→ **TASK**: All of the entries must be reproduced exactly, with no images carried over.

→ **INPUT FOR THIS TASK**:
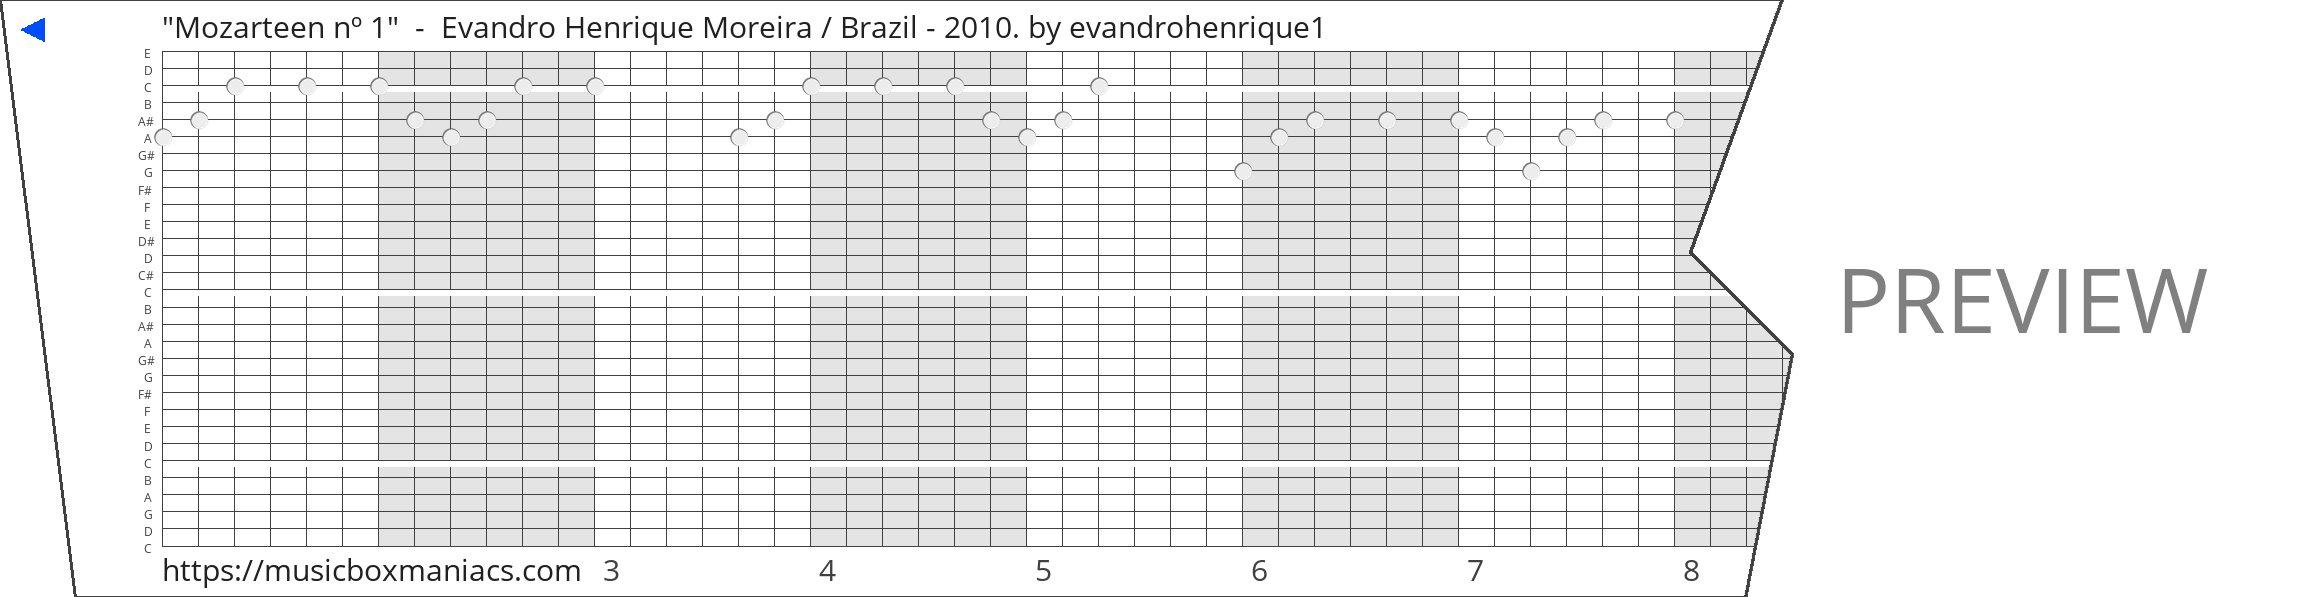 """Mozarteen nº 1""  -  Evandro Henrique Moreira / Brazil - 2010. 30 note music box paper strip"
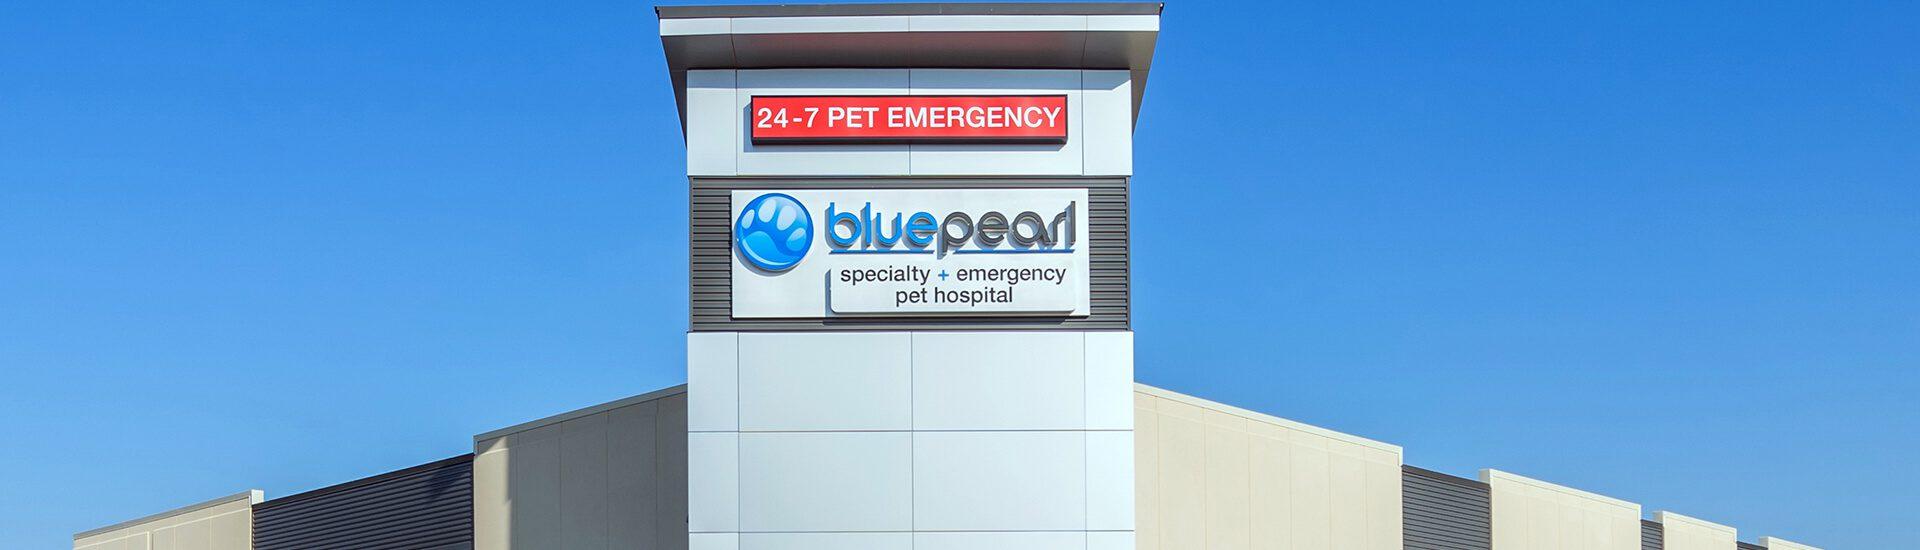 bluepearl pet hospital oklahoma city ok emergency vet. Black Bedroom Furniture Sets. Home Design Ideas
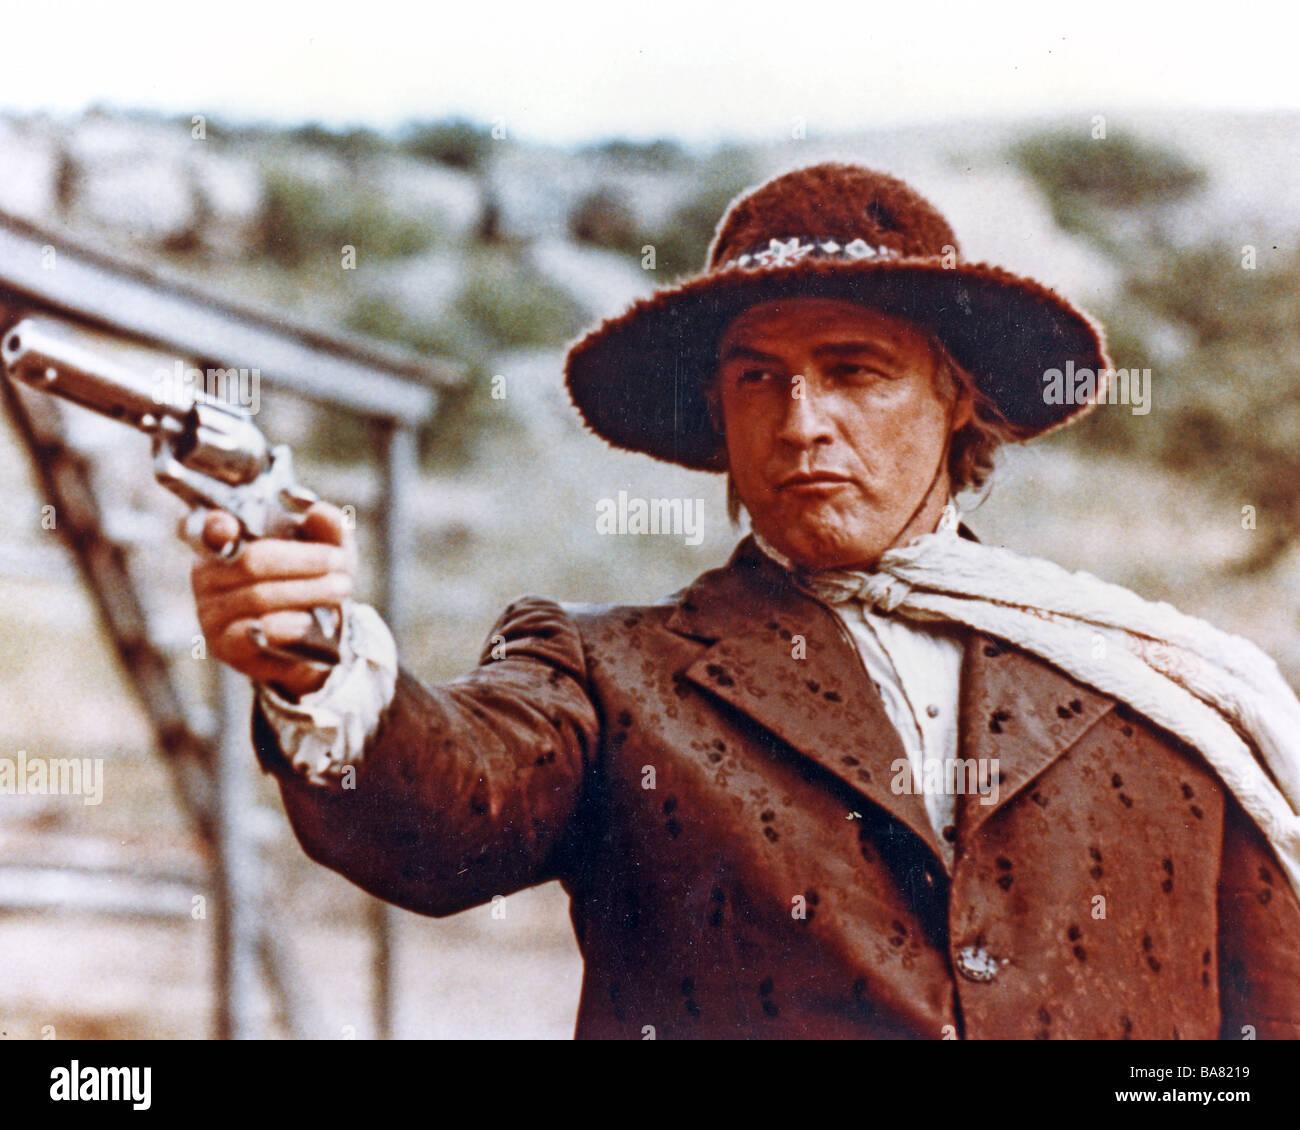 THE MISSOURI BREAKS  1976 UA film with Marlon Brando - Stock Image
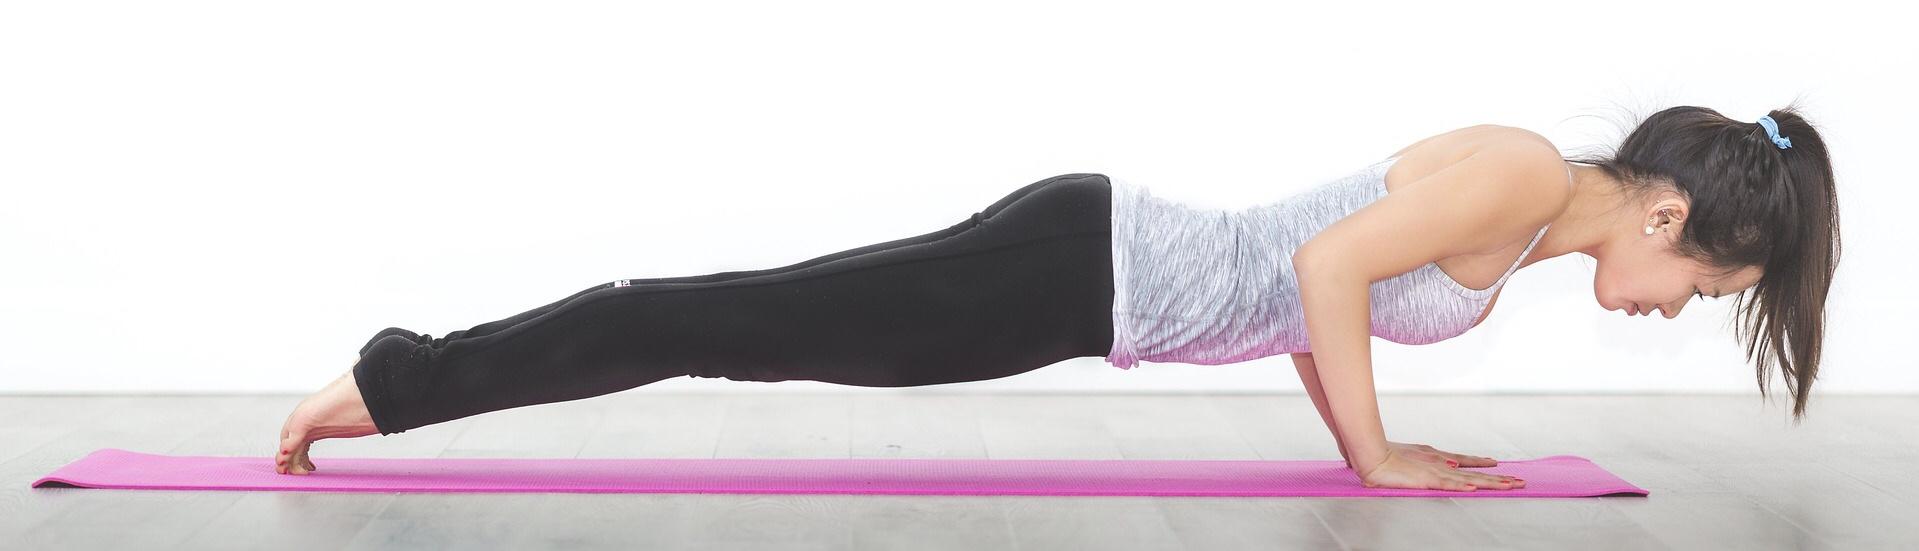 Yoga pilago
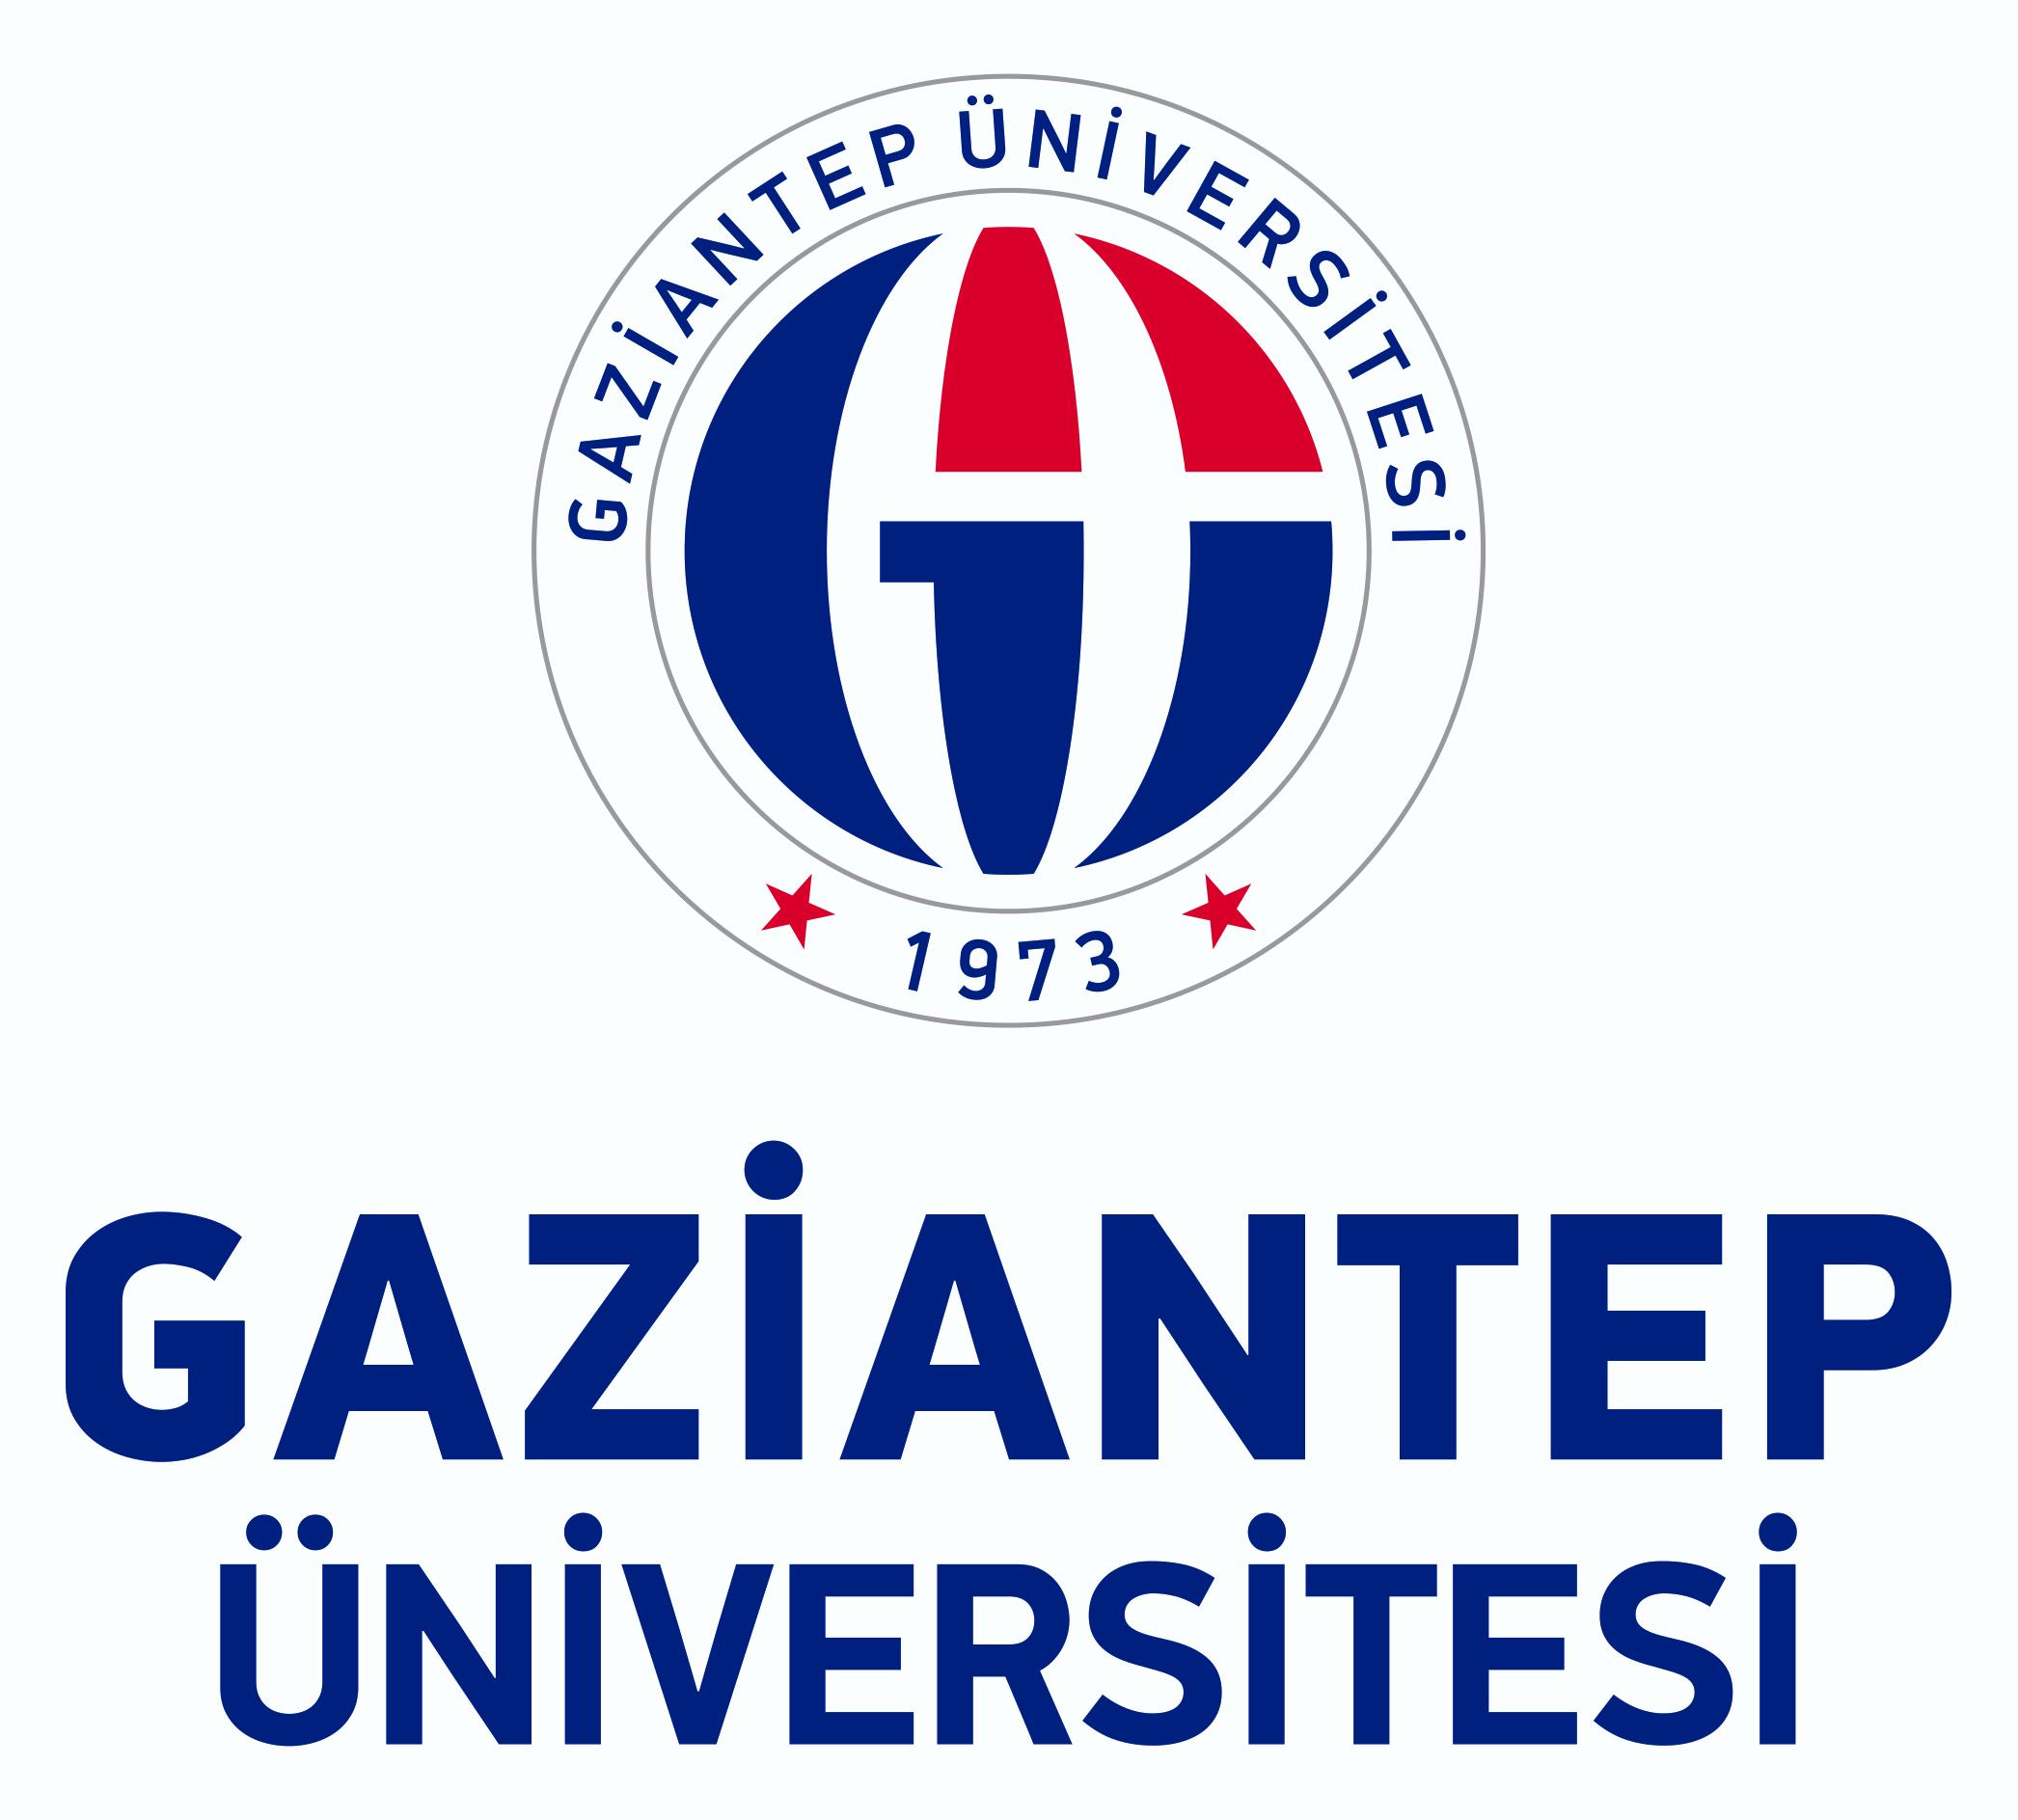 TUAS | GAZIANTEP UNIVERSITY

→ **EXERCISE RESULT**:
 """Mozarteen nº 1""  -  Evandro Henrique Moreira / Brazil - 2010. 30 note music box paper strip"
 bluepearl pet hospital oklahoma city ok emergency vet. Black Bedroom Furniture Sets. Home Design Ideas
 THE MISSOURI BREAKS  1976 UA film with Marlon Brando - Stock Image
 Yoga pilago
 TUAS | GAZIANTEP UNIVERSITY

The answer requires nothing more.